Return every line from the one with "Nike Acg Watercat White Blue Fn5202 100 2" through the one with "Cupcake Cupcakes Cakes", inclusive, exactly as it appears below.

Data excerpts
★ ★ ★ ★ ★
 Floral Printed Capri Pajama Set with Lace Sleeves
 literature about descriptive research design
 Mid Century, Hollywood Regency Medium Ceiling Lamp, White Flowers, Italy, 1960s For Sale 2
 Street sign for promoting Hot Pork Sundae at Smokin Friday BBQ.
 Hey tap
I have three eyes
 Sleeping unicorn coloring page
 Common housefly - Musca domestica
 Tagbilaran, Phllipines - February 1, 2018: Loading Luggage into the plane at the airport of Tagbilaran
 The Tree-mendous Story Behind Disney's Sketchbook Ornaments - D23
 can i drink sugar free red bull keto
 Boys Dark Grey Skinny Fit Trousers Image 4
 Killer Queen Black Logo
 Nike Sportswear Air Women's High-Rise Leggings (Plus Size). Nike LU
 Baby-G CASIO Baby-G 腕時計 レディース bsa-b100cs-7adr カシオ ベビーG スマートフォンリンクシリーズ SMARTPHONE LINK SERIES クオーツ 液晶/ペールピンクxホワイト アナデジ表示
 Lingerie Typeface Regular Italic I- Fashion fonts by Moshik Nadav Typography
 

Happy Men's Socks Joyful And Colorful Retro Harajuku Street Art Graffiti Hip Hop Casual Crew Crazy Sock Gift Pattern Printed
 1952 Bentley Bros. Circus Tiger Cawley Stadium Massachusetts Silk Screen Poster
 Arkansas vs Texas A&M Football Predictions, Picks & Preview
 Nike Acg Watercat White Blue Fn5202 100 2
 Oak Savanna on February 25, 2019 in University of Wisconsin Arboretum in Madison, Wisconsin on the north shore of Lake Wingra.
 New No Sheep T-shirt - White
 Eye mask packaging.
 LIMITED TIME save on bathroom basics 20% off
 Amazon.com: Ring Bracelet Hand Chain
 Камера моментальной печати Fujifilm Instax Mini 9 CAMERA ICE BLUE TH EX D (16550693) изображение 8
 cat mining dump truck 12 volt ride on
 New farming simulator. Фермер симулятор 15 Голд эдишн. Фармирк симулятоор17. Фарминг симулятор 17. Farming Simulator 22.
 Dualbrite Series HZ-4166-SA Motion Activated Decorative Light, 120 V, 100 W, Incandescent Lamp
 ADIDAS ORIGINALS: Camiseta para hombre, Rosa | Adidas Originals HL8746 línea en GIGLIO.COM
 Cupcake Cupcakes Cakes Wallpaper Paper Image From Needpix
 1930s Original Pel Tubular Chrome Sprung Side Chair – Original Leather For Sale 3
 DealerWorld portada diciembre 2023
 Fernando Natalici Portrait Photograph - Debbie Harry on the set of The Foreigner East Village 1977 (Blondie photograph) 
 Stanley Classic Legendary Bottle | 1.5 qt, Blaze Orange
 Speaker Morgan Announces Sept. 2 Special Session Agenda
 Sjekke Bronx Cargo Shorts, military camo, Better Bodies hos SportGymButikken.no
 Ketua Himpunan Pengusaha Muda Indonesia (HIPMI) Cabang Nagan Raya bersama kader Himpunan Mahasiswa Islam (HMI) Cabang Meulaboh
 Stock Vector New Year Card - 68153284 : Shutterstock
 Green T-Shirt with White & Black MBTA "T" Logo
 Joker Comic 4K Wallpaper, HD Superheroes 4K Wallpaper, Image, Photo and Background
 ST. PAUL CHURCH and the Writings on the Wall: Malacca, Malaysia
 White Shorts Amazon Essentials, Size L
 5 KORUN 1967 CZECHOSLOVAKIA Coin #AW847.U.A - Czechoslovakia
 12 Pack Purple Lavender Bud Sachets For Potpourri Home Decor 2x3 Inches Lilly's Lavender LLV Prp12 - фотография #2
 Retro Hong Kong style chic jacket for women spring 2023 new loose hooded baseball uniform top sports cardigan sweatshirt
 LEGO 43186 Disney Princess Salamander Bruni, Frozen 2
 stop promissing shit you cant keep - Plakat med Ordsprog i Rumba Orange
★ ★ ★ ★ ★
Result:
 Nike Acg Watercat White Blue Fn5202 100 2
 Oak Savanna on February 25, 2019 in University of Wisconsin Arboretum in Madison, Wisconsin on the north shore of Lake Wingra.
 New No Sheep T-shirt - White
 Eye mask packaging.
 LIMITED TIME save on bathroom basics 20% off
 Amazon.com: Ring Bracelet Hand Chain
 Камера моментальной печати Fujifilm Instax Mini 9 CAMERA ICE BLUE TH EX D (16550693) изображение 8
 cat mining dump truck 12 volt ride on
 New farming simulator. Фермер симулятор 15 Голд эдишн. Фармирк симулятоор17. Фарминг симулятор 17. Farming Simulator 22.
 Dualbrite Series HZ-4166-SA Motion Activated Decorative Light, 120 V, 100 W, Incandescent Lamp
 ADIDAS ORIGINALS: Camiseta para hombre, Rosa | Adidas Originals HL8746 línea en GIGLIO.COM
 Cupcake Cupcakes Cakes Wallpaper Paper Image From Needpix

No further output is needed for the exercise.